The only way YHWH could fulfill his promise, then, was if he did it for them. Which is exactly what Abraham believed, that in YHWH there really was a “God who gives life to the dead, and calls things that are not as though they were” (17). And for believing that he was credited with righteousness (3) – one hundred percent right standing with God.
Paul then gives a second example in King David, because David at one point had messed up his life so badly that he had to face a fact too, that his sins had rendered him “as good as dead” as well, and no way could he make up for the horrors of what he’d done (6) unless God did it for him. Which is exactly what David believed – that in YHWH there really was a God who gives life to the dead – which in his case was forgiving his sins and not counting his sins against him (7-8). And for believing that he too, like Abraham, was credited with righteousness (6).
Both these examples Paul then uses to lead into what constitutes belief in YHWH for us today, because what was written about Abraham is “also for us” (23-24). And what was written about David is for us too, because we’re also faced with the fact that sin rendered us as good as dead, and there was nothing we could do about it either. But Jesus did what was needed for us, by being “delivered over to death for our sins” (25).
And that’s what we’re being asked to believe, just like Abraham was being asked to believe that YHWH would give him a son. But YHWH also offered proof to help Abraham believe, by telling him to look up at the stars, as obvious proof that he, the Creator of all those stars, was fully capable of producing just as many descendants for Abraham.
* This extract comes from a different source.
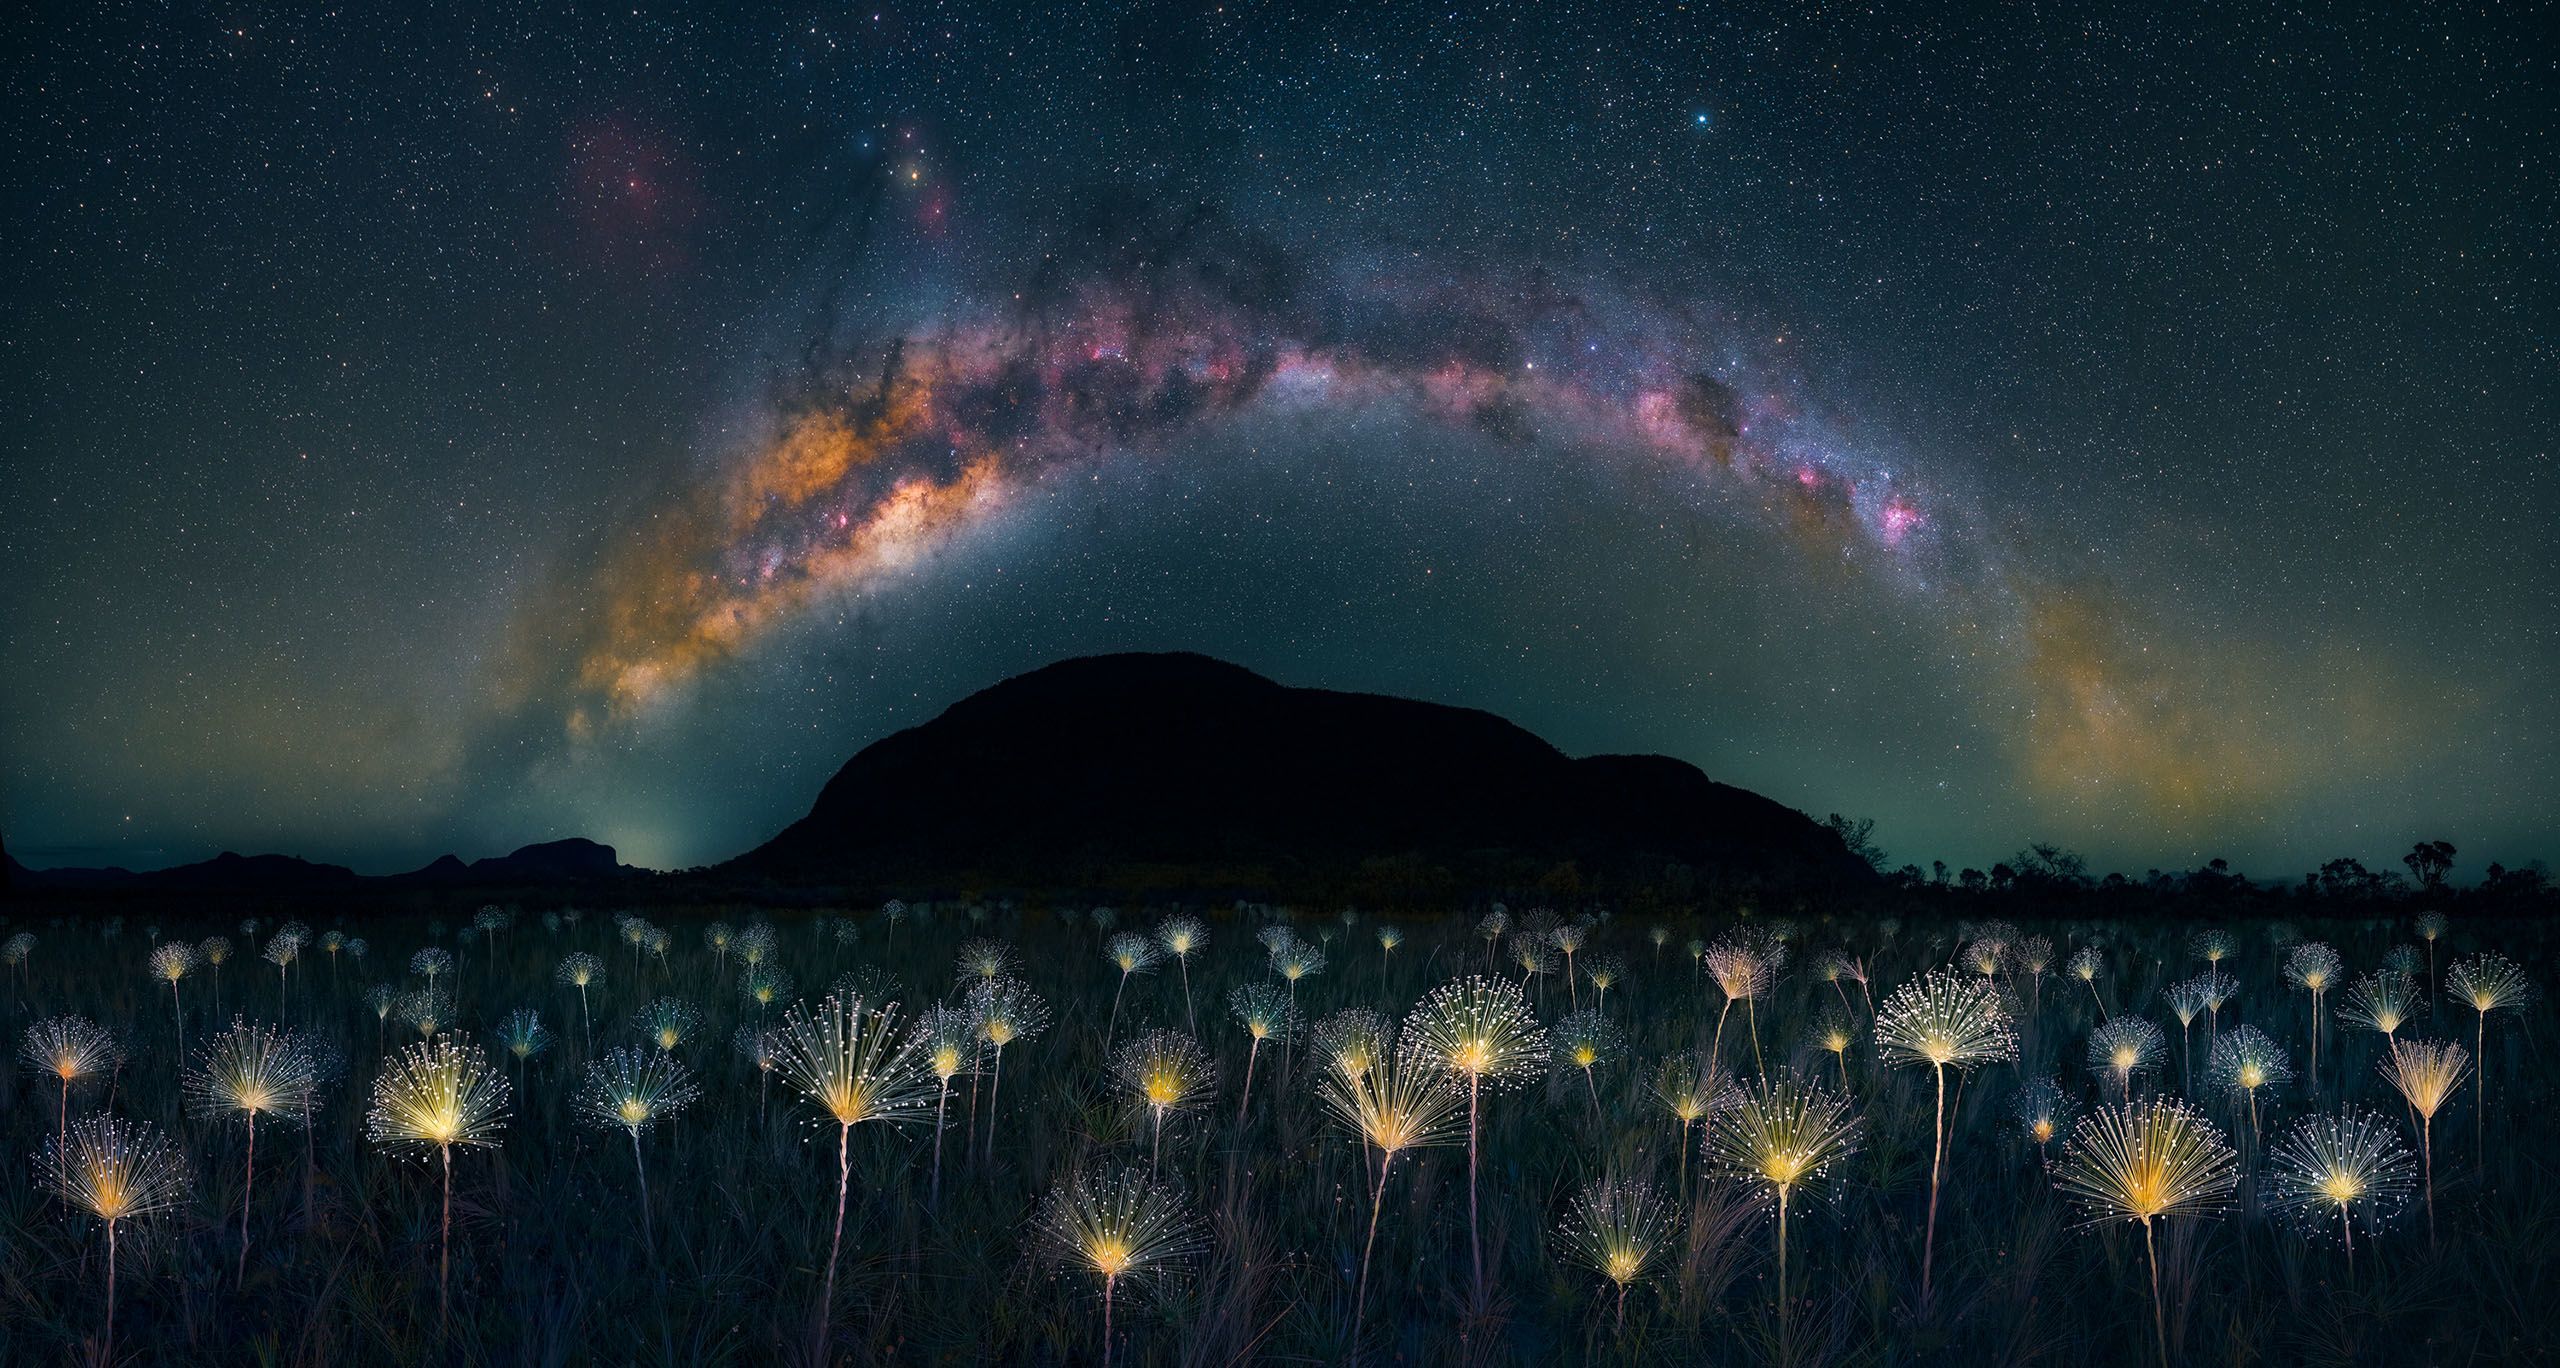 Wildflowers of the Paepalanthus species, in the highlands of Veadeiros, lit by a lantern and illuminated with the arch of the milky way above.
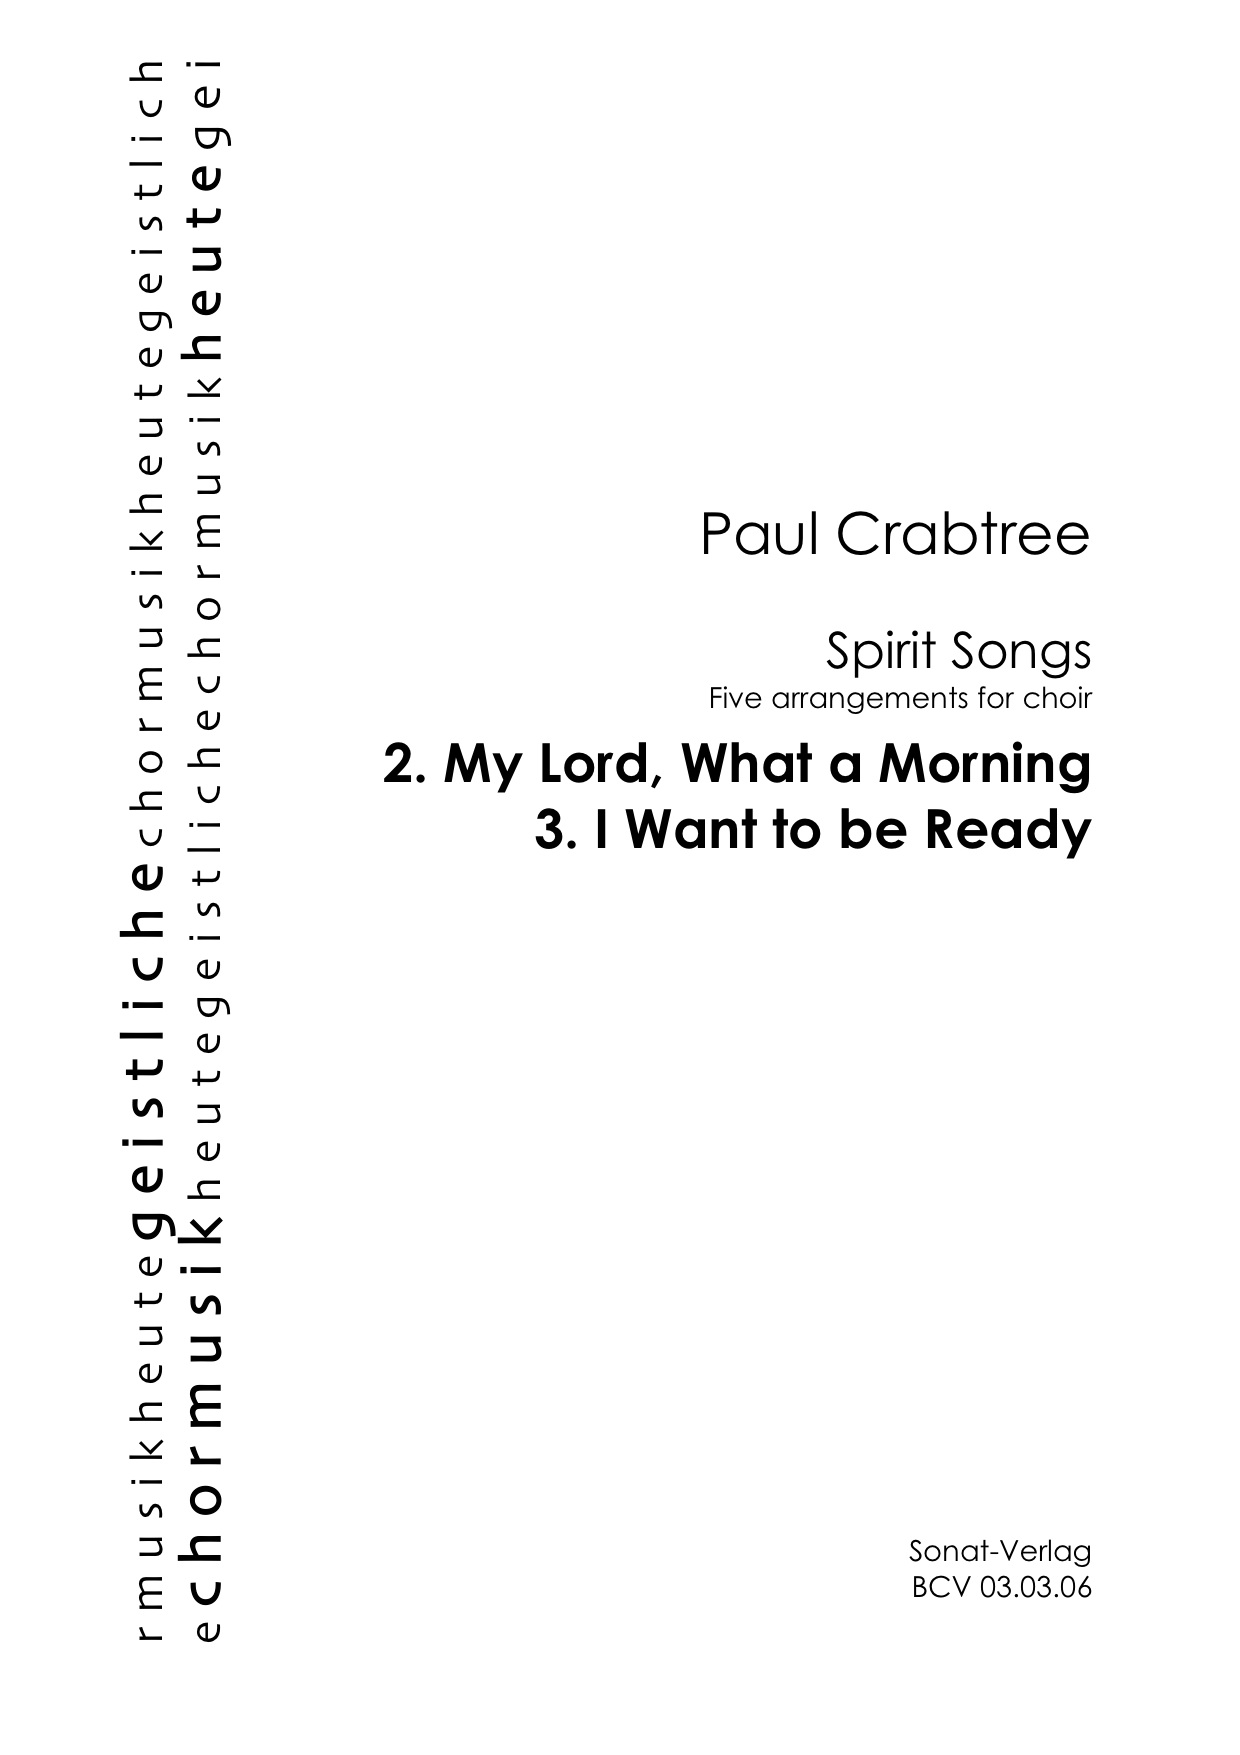 My Lord, What a Morning; I Want to be Ready

And it was then that Abraham believed (Genesis 15:5-6).
And God’s done the same for us, having “raised Jesus our Lord from the dead” (Romans 4:24), because there’s our proof that he “gives life to the dead” to help us believe he’ll raise us from our old dead selves too.
And that for us is what constitutes belief in YHWH, that in both Jesus’ death and his resurrection we believe God has done for us what we could not do. But “Why is our belief so important?”….(next blog)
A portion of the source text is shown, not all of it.